I'll vote, and pass it on to my friends. =)
Dog food is super expensive now-a-days so that would be great for a years free food.


----------



## Brandy456 (Jul 13, 2009)

Ahaa, I'm going to put a link on another forum im on, I have my friends votes, and one actually put it as his personalmessage on msn ( hope you don't mind )


----------



## NorthernAutumn (Jul 13, 2009)

Voted!


----------



## Elf Mommy (Jul 13, 2009)

Voted and Facebook'd for my friends to vote.


----------



## Luvmyzoocrew (Jul 13, 2009)

voted and great idea minda


----------



## Luvmyzoocrew (Jul 13, 2009)

face booked it too


----------



## Brandy456 (Jul 13, 2009)

^ me too =)


----------



## Pipp (Jul 13, 2009)

:bump


----------



## CKGS (Jul 13, 2009)

I voted for him! He was my fav! I have a soft spot for GSDs.

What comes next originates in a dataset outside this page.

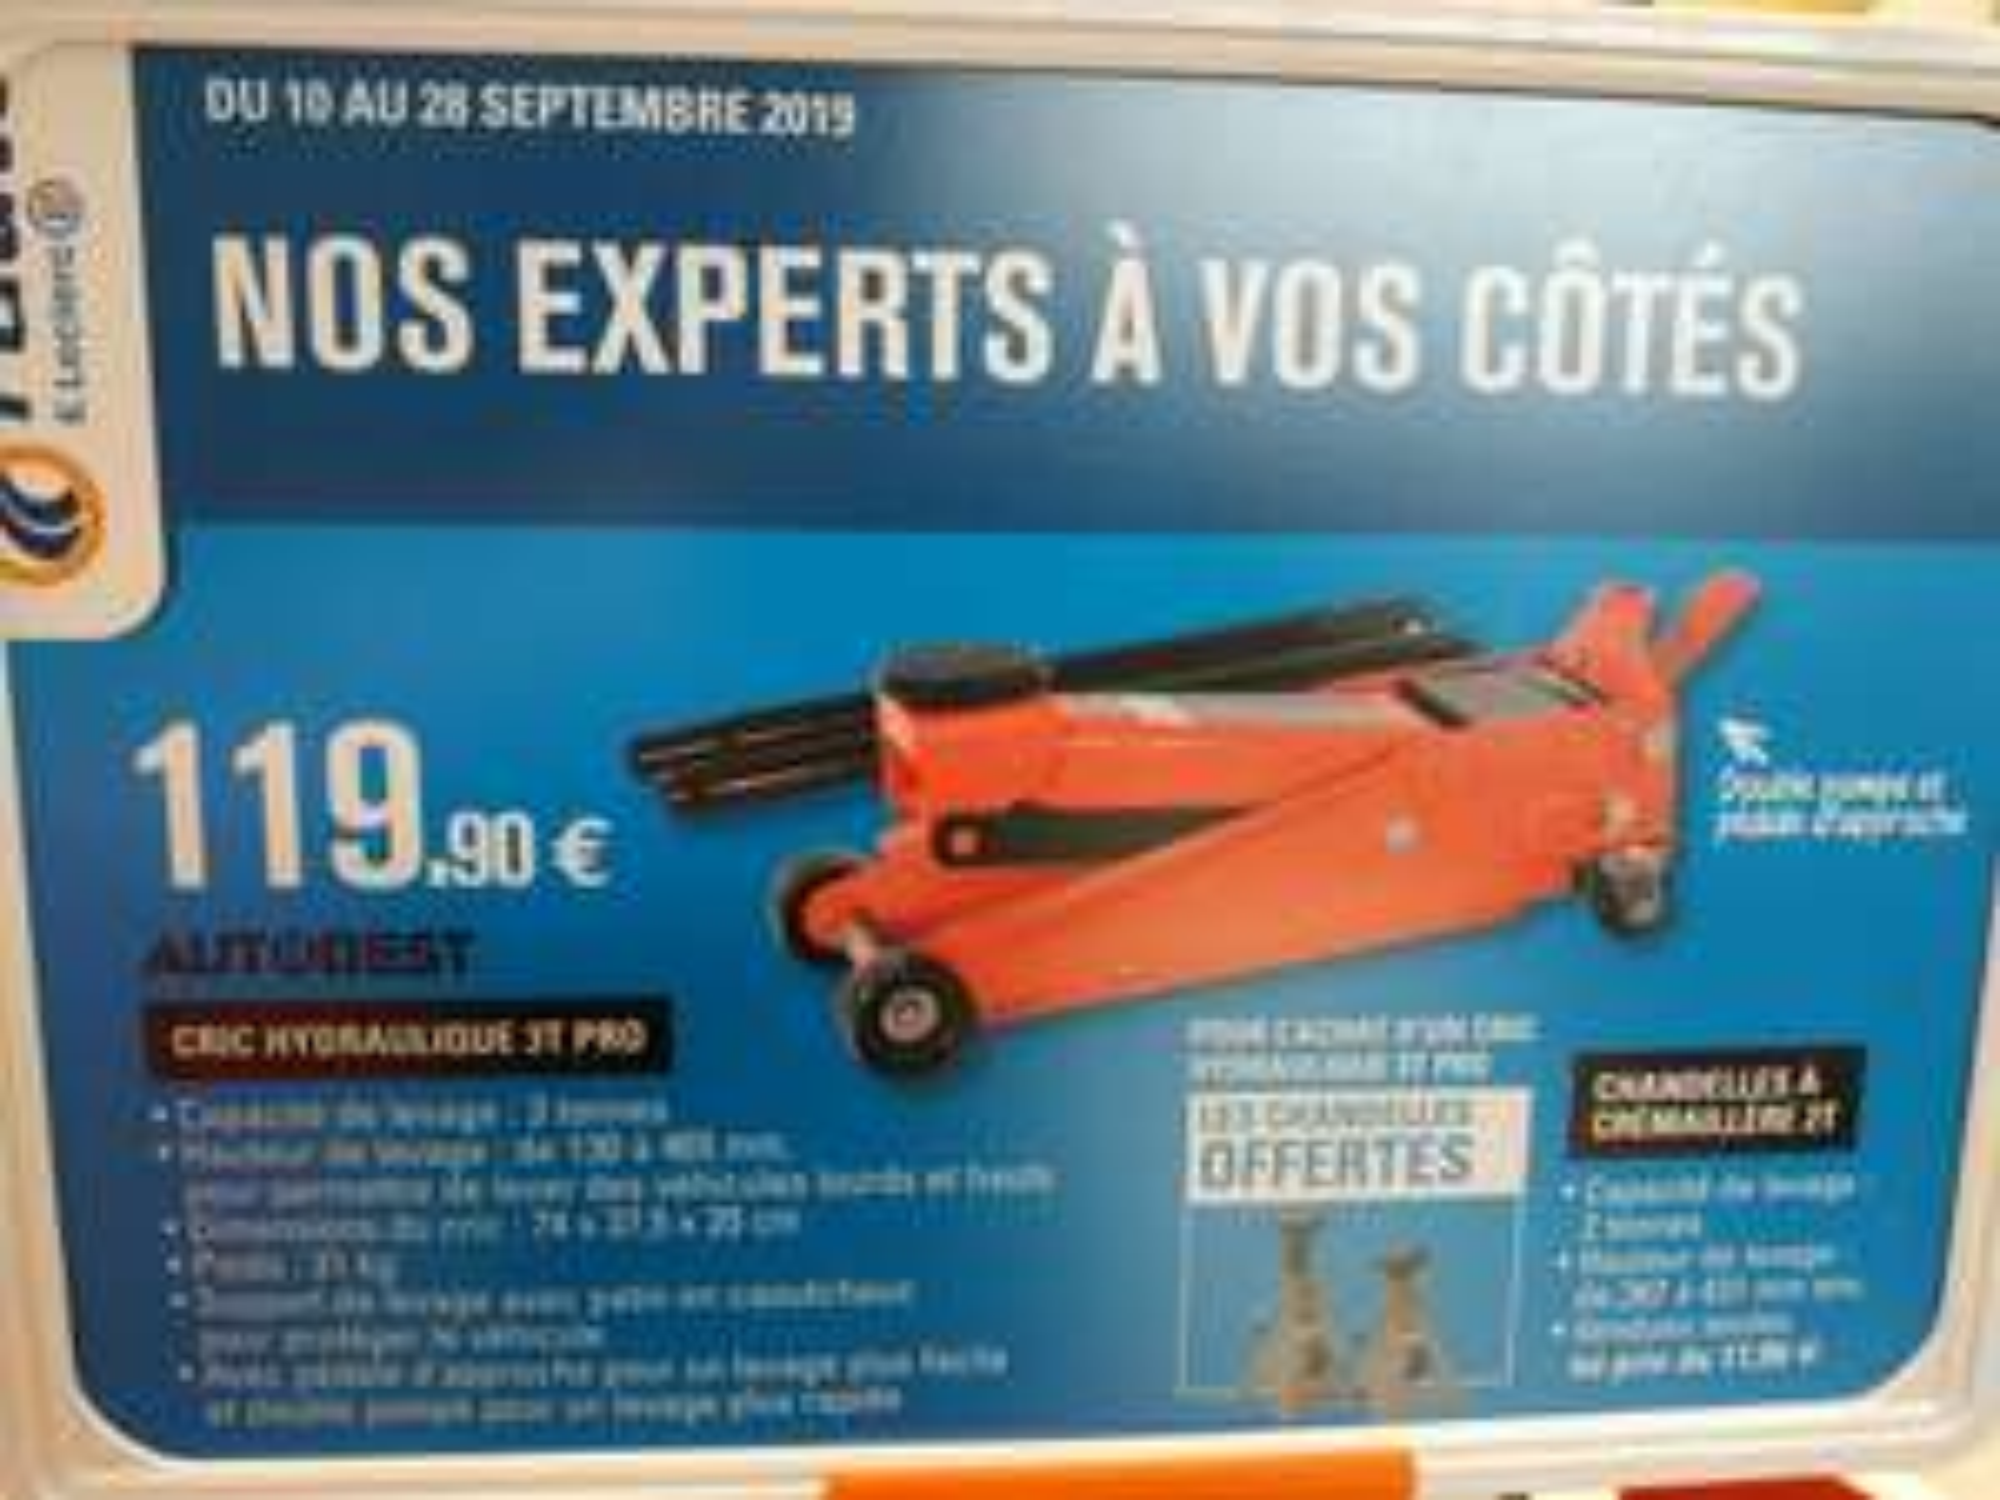 Cric Pro hydraulique roulant 3T Autobest + 2 chandelles (Leclerc Auto)

They are my fav breed.


----------



## Luvr of Wabbits and Polar Bears (Jul 13, 2009)

Voted about 5 times now  I'll keep going through out the day/evening


----------



## SweetSassy (Jul 13, 2009)

voted-- your dog is gorgeous!!


----------



## MyLOVEABLES!! (Jul 14, 2009)

Jaxson is gorgeous.
I will keep voting i know how expensive dog food is now days!


----------



## MyLOVEABLES!! (Jul 14, 2009)

Its my homepage so i can vote "every 24hours"


----------



## drunkenbunnyhugger (Jul 14, 2009)

Thank you SO MUCH everyone! I knew I could count on my "bunny people"! Animal people in general are just the best. 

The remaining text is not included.